For one thing, it erodes critical barriers between church and state. For another, it opens the door to the creation of more school districts in the state at the very time efforts should be focusing on consolidation.

For both reasons, state residents should be questioning why their representatives were spending time figuring ways to cater to a small religious group while being unable to resolve a number of other matters that could have benefited the state as a whole.

The Legislature's interest in this arcane issue was aroused by the Supreme Court's recent decision that a public school district created especially to benefit an ultra-Orthodox Jewish group in the Orange County Village of Kiryas Joel was unconstitutional.

Cuomo and the Legislature had created the district in 1989 specifically to provide handicapped education for about 200 Hasidic children. Their parents wanted the taxpayer-funded service but didn't want their kids to attend public schools.

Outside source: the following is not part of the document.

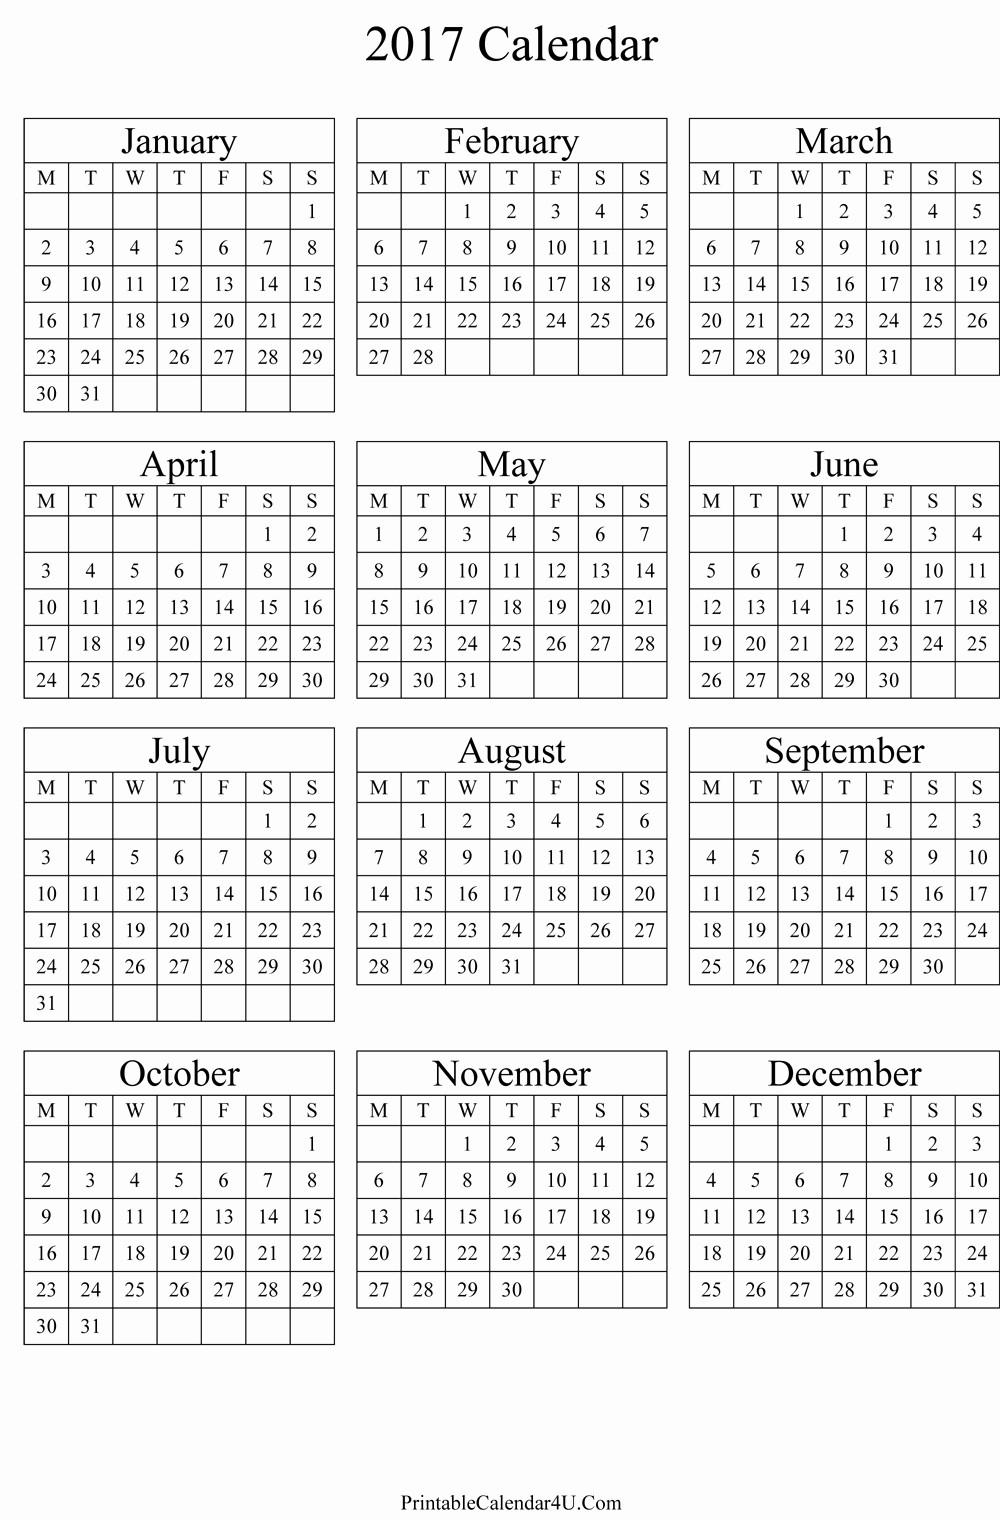 2017 Full Year Calendar Template Lovely Annual Calendar 2017 Portrait Printable Calendar 2019 2020

The court correctly ruled that creating such a district serving only the Hasidic children amounted to unconstitutional state favoritism toward one religious sect.

Undeterred, Cuomo and the Legislature seized on a comment from one justice who
said the district might be constitutional if created under a law applicable to any community, not just Kiryas Joel. Grasping at that judicial straw, the public officials came up with legislation allowing any municipality that meets certain criteria to establish a new school district.

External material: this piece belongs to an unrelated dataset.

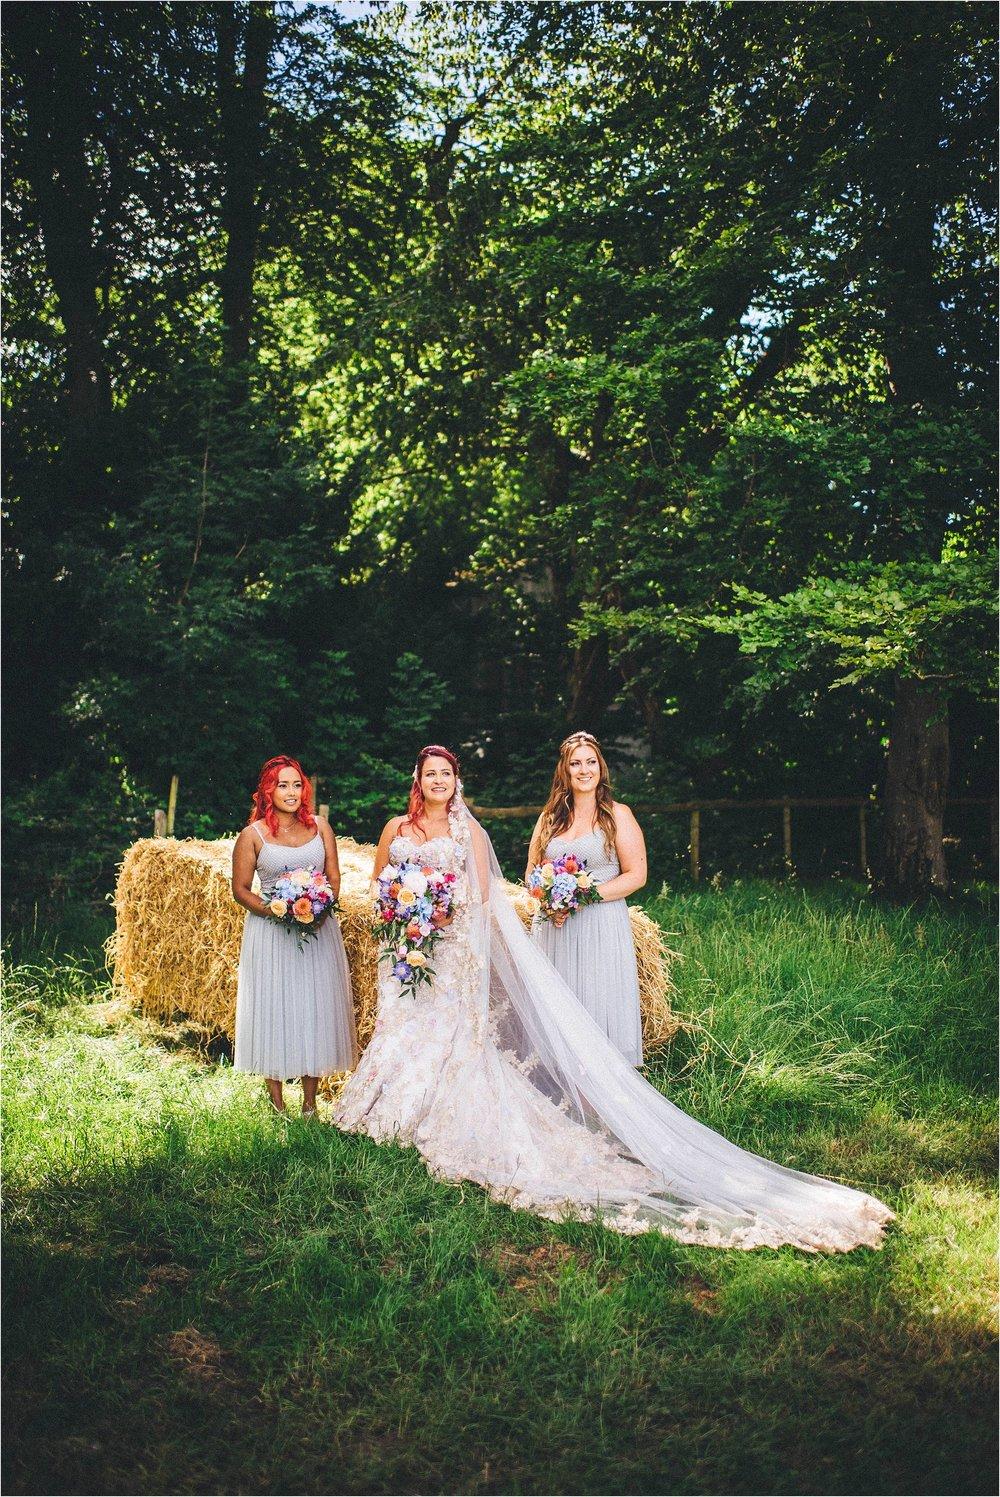 Milton Abbey Dorset Wedding Photographer_0124.jpg

But while tailored to help the Jewish students in Kiryas Joel, those criteria also could allow new districts in up to 60 other communities in the state.

That flies directly in the face of the recognition that with more than 700 districts consuming more than $ 21 billion in state and local funds each year, New York already is awash in school districts. It moves entirely in the wrong direction to concoct a mechanism that, no matter how narrowly tailored, might let localities create more.

No one is compelled to go to public school if their religious beliefs dictate otherwise. But by the same token, those who want the benefits public education offers -- including special education -- bear the burden of making whatever accommodation is necessary to take advantage of the same access all state residents have.

Going to such extraordinary lengths to accommodate one religions group turns that principle on its head and flies in the face of the intent of the U.S. Constitution. It also raises the specter of more school districts in a state that already has far too many.

The Legislature could have found something much more beneficial to do with its time.